The entire Google Health app is being elevated with the Google Health Coach built with Gemini. The Fitness tab becomes the home for your weekly plan, where you can get workout suggestions and create and save workouts with natural language. On the Sleep tab, you can better understand your weekly consistency and progress towards getting better rest. And on Health, in addition to getting a snapshot of your key health metrics, you can get summaries of your medical records from the Coach.

The transition is frictionless for current users. Starting May 19, 2026, the Fitbit app will become the Google Health app, which will provide a fully redesigned and improved experience built on what you love. For most people, the app will update automatically when it is available for your account between May 19th and May 26th. All your existing data, history, and device connections carry over automatically.

The New Interface: Four Tabs, Infinite Possibilities

One of the most immediately noticeable changes is the redesigned layout. The app now offers a more intuitive layout with a redesigned 4-icon bottom bar. Today, Fitness, Sleep, and Health will now be available to access via any screen via the bottom bar, allowing you to dive deep into your area of interest with fewer taps. Within the Today tab, you will have the option to customize the top-placed dashboard to highlight steps, readiness, sleep, weekly cardio target, and more. The same goes for the Health tab, giving you quick access to some of your favourite metrics, including heart rate, weight, resting heart rate, heart rate variability, SpO2, BP, and more.

This kind of customization is a big deal. For years, one of the common frustrations with Fitbit was that the app showed you a lot of data, but not always the data you cared most about. The new layout lets you put the metrics you actually use front and center, reducing the time you spend swiping around and increasing the time you spend acting on the insights.

The app also brings significantly richer data tracking. You can enter your meals, log hydration, and track plenty more data points across four main tabs: Today, Fitness, Sleep, and Health. A new multimodal logging system is worth highlighting here. New with this launch is multimodal logging that lets you log via text, voice, or photo. For example, you can take a picture of lunch and have Google perform automatic recognition. Logging a meal by simply photographing it is the kind of quality-of-life improvement that makes healthy habits much easier to build and maintain.
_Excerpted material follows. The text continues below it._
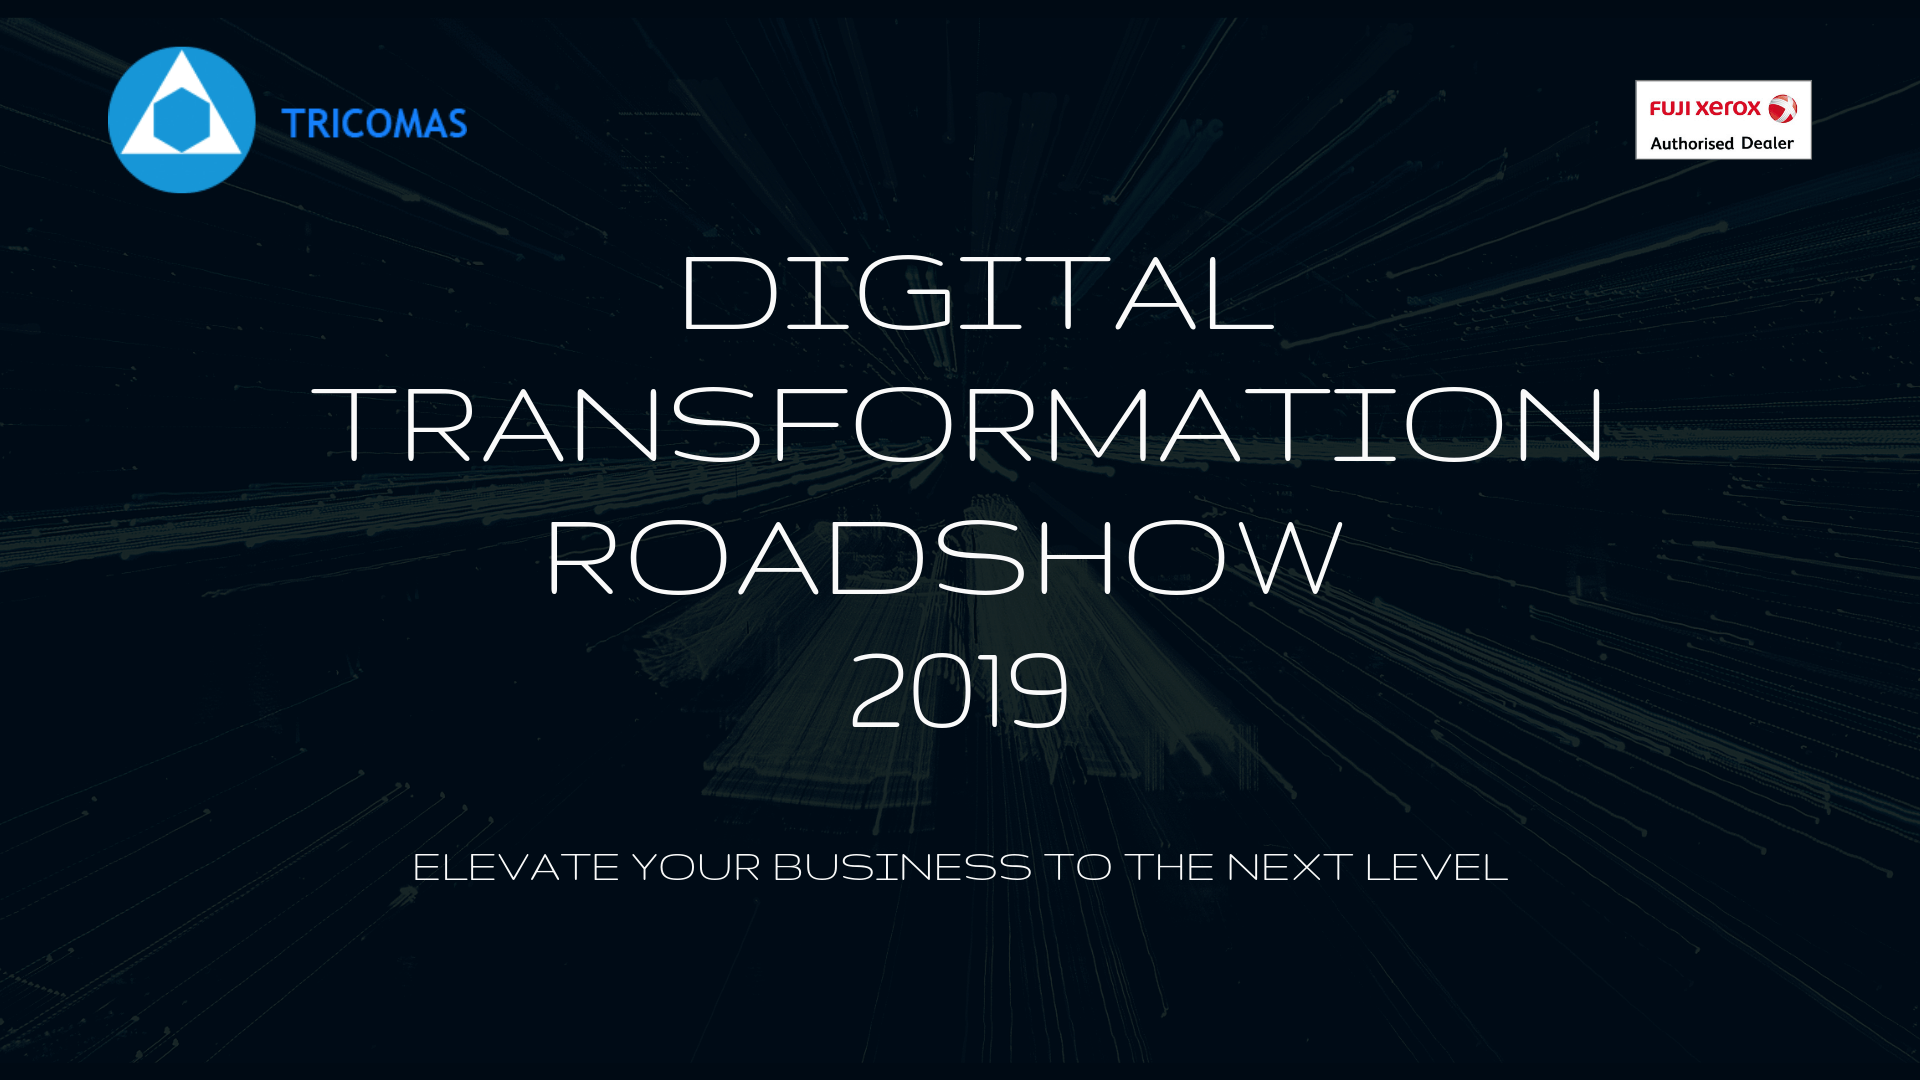 Ipoh Digital Transformation Roadshow 2019 – Tricomas Marketing

Fitbit Premium Is Now Google Health Premium (And What That Means for Google AI Pro Subscribers)

Here is where things get genuinely exciting, especially for users in Kenya and across Africa who are already subscribed to Google AI Pro.

As of May 19, 2026, Fitbit Premium will be renamed Google Health Premium. The subscription gives you access to the full Google Health Coach experience, adaptive fitness plans, detailed sleep analysis, guided workouts, and mindfulness content. Google Health Premium upgrades the free experience with exactly the sort of personalized coaching that has been in the Fitbit Public Preview these past few months. Rather than one-size-fits-all health advice, the Google Health Coach is intended to deliver streamlined, actionable recommendations. You can even fill it in with any special restrictions you have and use it to create fitness goals.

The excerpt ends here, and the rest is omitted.